# MixAT

This repository contains the code for the paper **MixAT: Combining Continuous and Discrete Adversarial Training Methods**.

## Trained Adapters
Trained adapters with MixAT and MixAT+GCG methods can be found in Hugging Face:

[MixAT-paper/Zephyr-7B-MixAT](https://huggingface.co/MixAT-paper/Zephyr-7B-MixAT)

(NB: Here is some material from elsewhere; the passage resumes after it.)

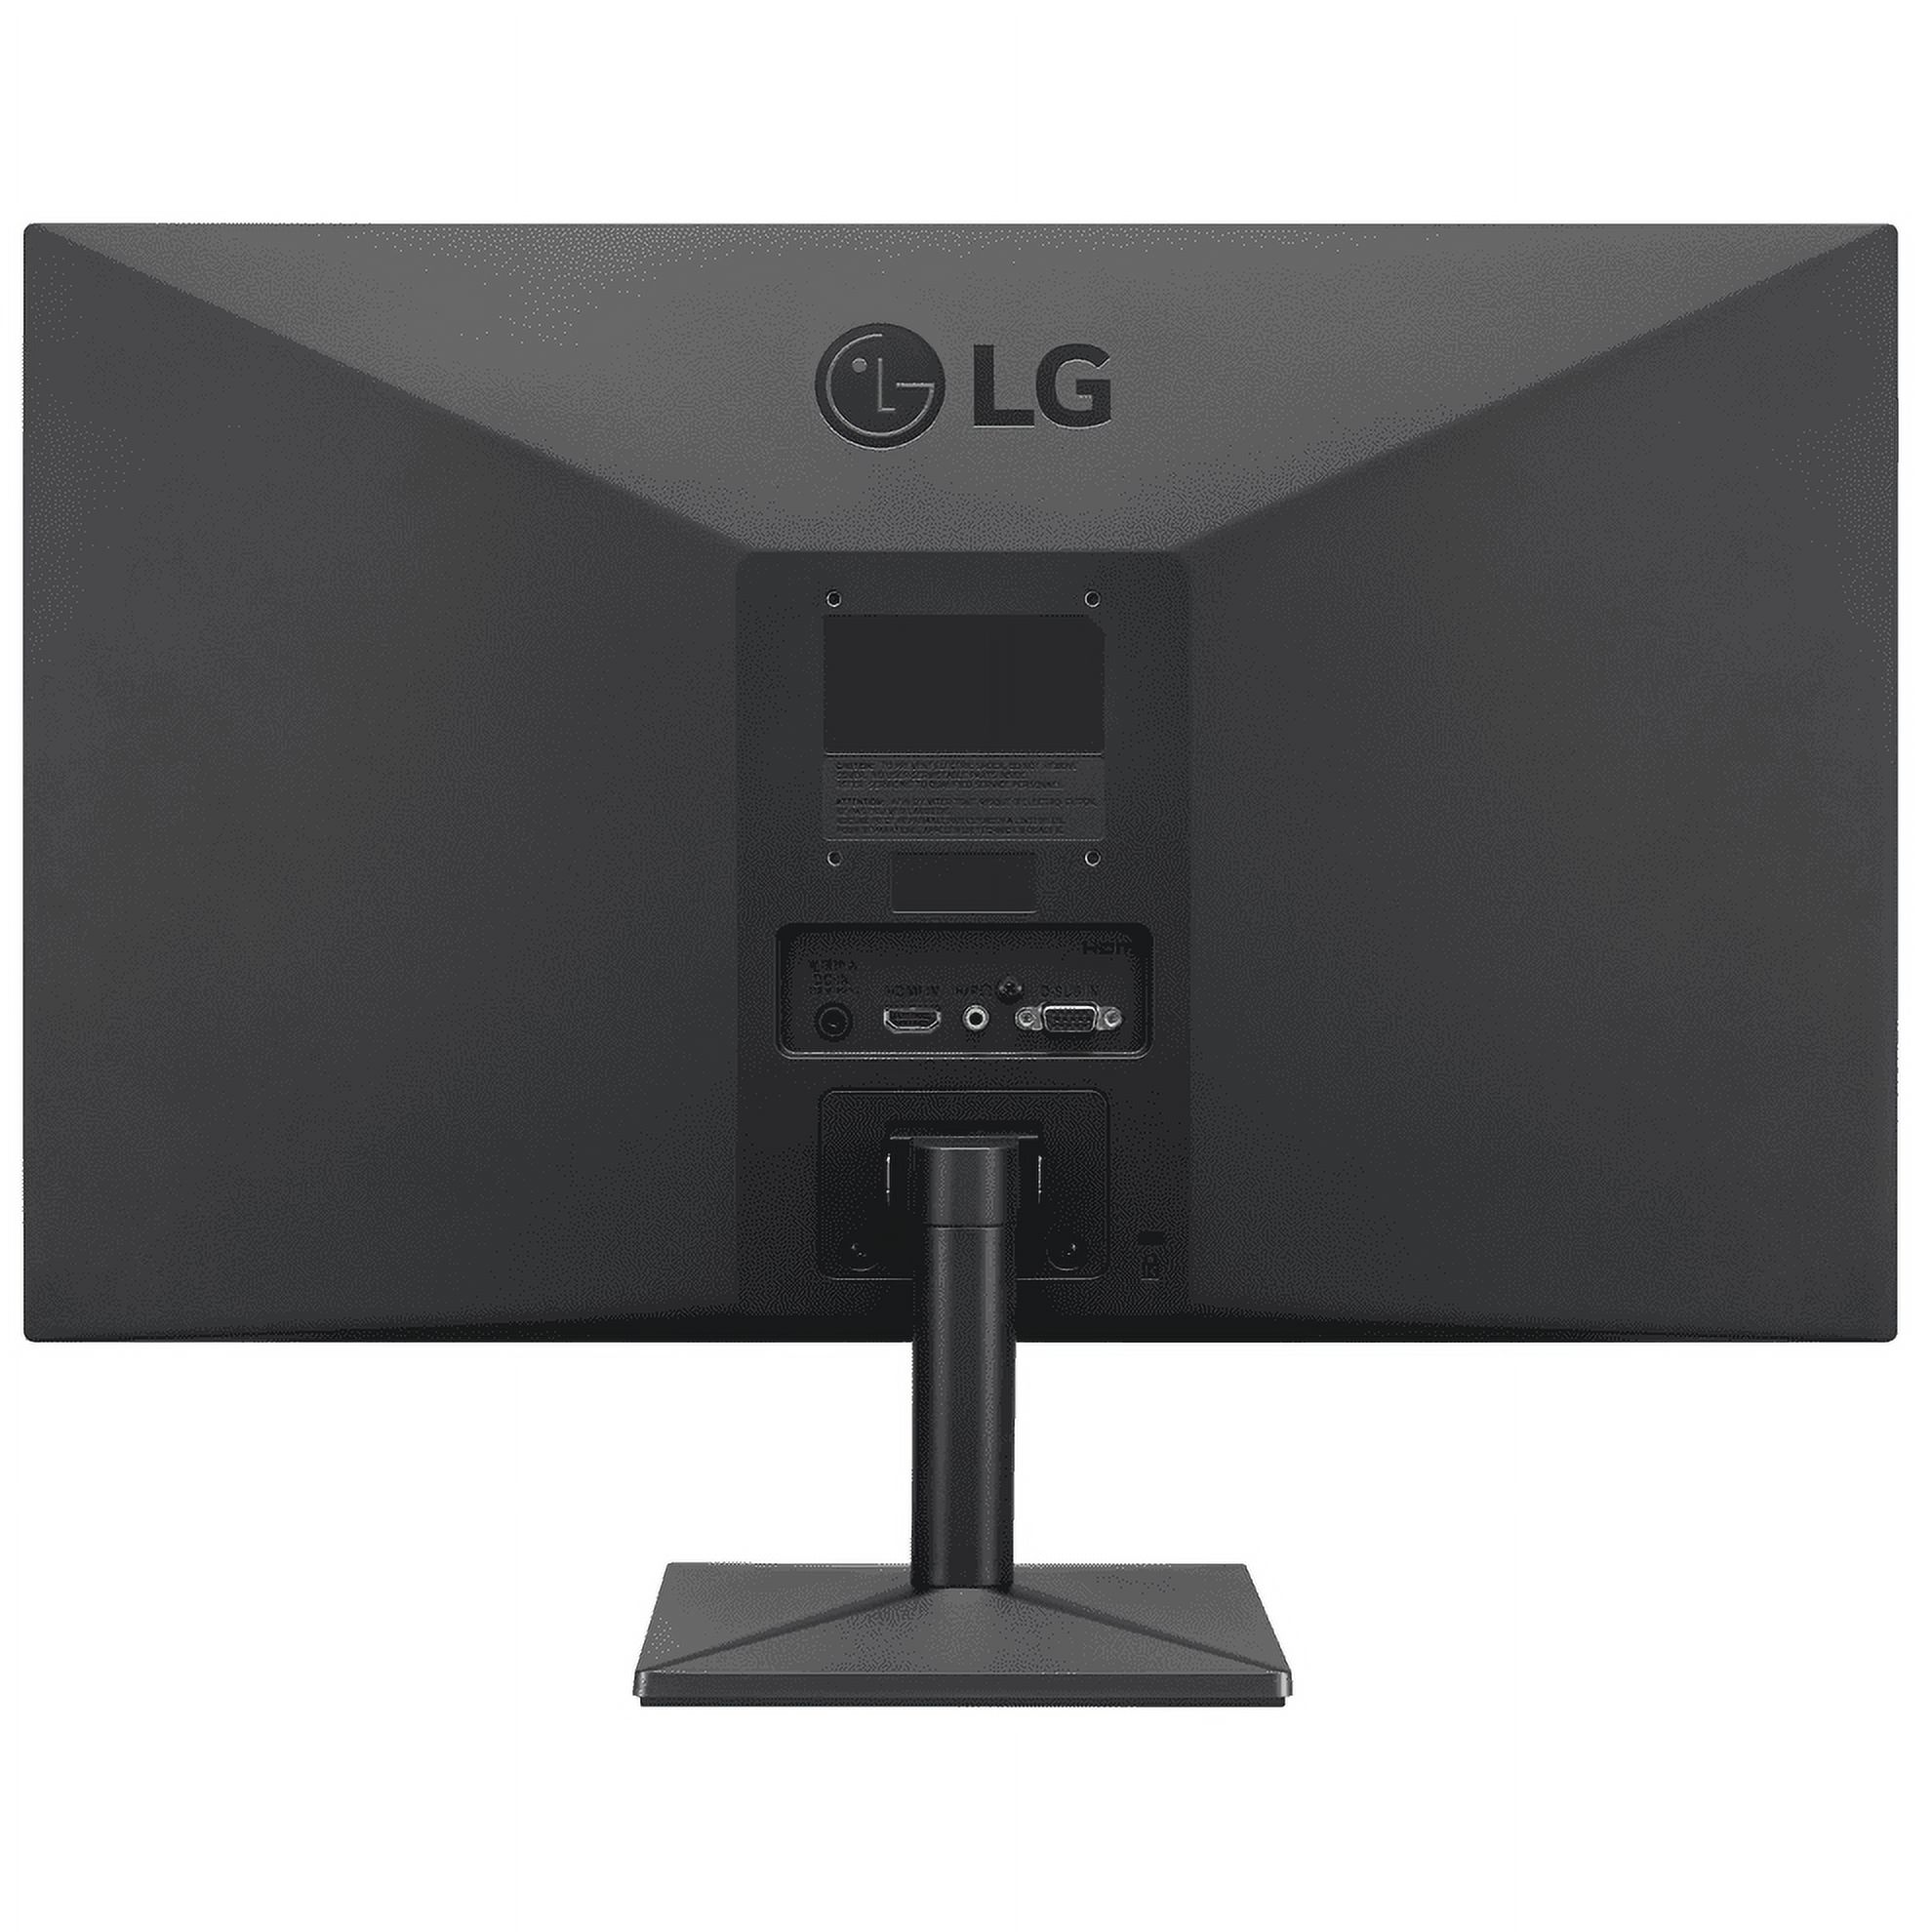 LG Electronics 24MK430H-B 24-inch Class IPS LED Monitor with AMD - image 4 of 9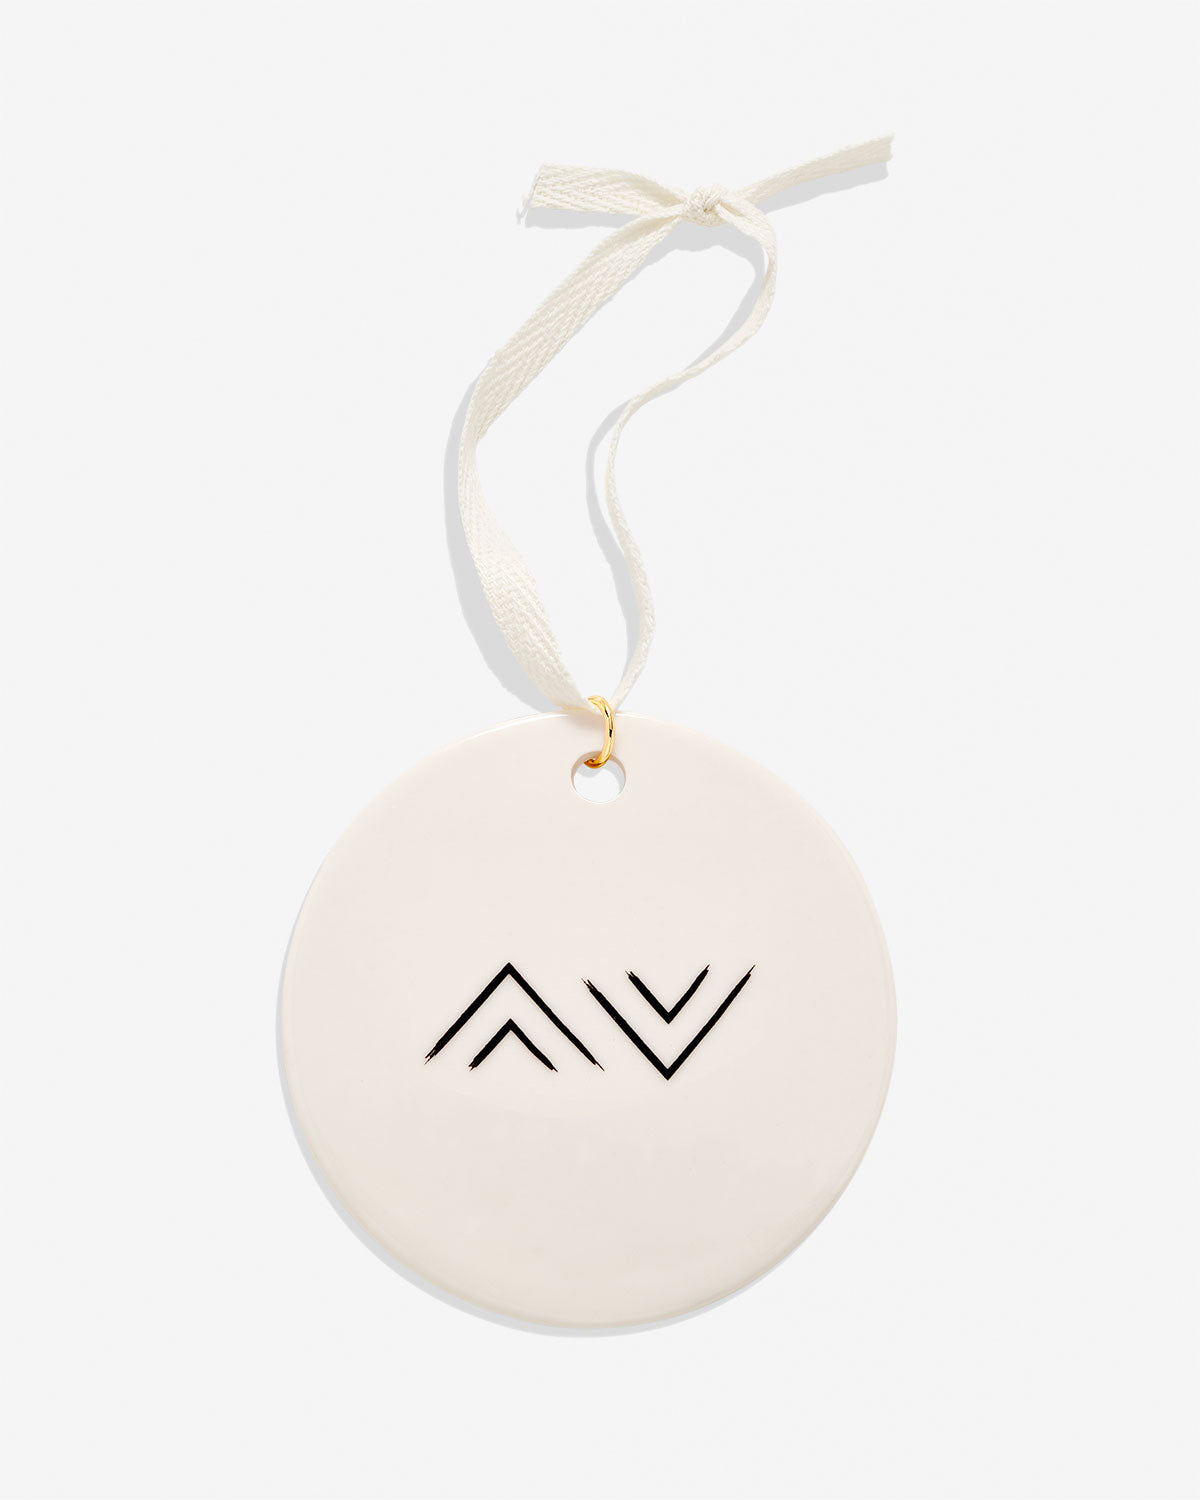 Bryan Anthonys Highs and Lows White Ceramic Holiday Ornament in Black

[MixAT-paper/Zephyr-7B-MixAT-GCG](https://huggingface.co/MixAT-paper/Zephyr-7B-MixAT-GCG)


[MixAT-paper/Llama-3-8B-MixAT](https://huggingface.co/MixAT-paper/Llama-3-8B-MixAT)

[MixAT-paper/Llama-3-8B-MixAT-GCG](https://huggingface.co/MixAT-paper/Llama-3-8B-MixAT-GCG)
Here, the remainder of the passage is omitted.